Mountain in Alberta, Canada

Mount Cornwall is a prominent 2970 m summit located between the Elbow River valley and Little Elbow River valley of Kananaskis Country in the Canadian Rockies of Alberta, Canada. The peak is visible from Highway 66, weather permitting. Mount Cornwall's nearest higher peak is Tombstone Mountain, 6.6 km to the southwest.

==History==
Mount Cornwall was named in 1922 for , a British warship involved in the Battle of the Falkland Islands during the First World War in the South Atlantic.

The first ascent of the peak was made in 1949 by Arnold Choquette.
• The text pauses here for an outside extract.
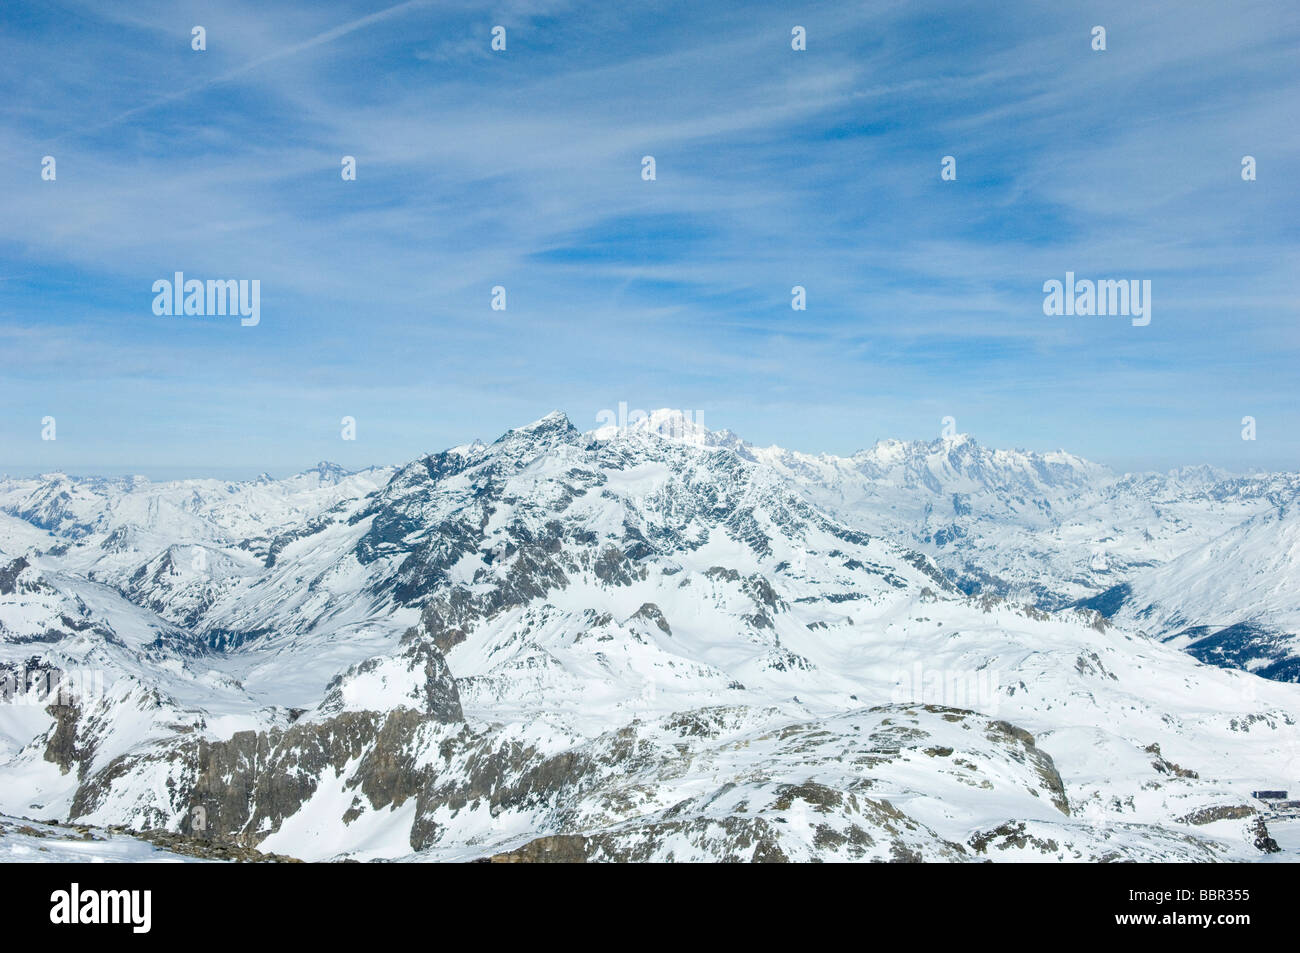 Französische Alpen Winter Ski Resort Stockfoto

The mountain's name became official in 1951 by the Geographical Names Board of Canada.

==Geology==
Mount Cornwall is composed of sedimentary rock laid down during the Precambrian to Jurassic periods. Formed in shallow seas, this sedimentary rock was pushed east and over the top of younger rock during the Laramide orogeny.

==Climate==
Based on the Köppen climate classification, Mount Cornwall is located in a subarctic climate with cold, snowy winters, and mild summers. Temperatures can drop below −20 C with wind chill factors below −30 C. Precipitation runoff from the mountain drains into the Elbow River which is a tributary of the Bow River.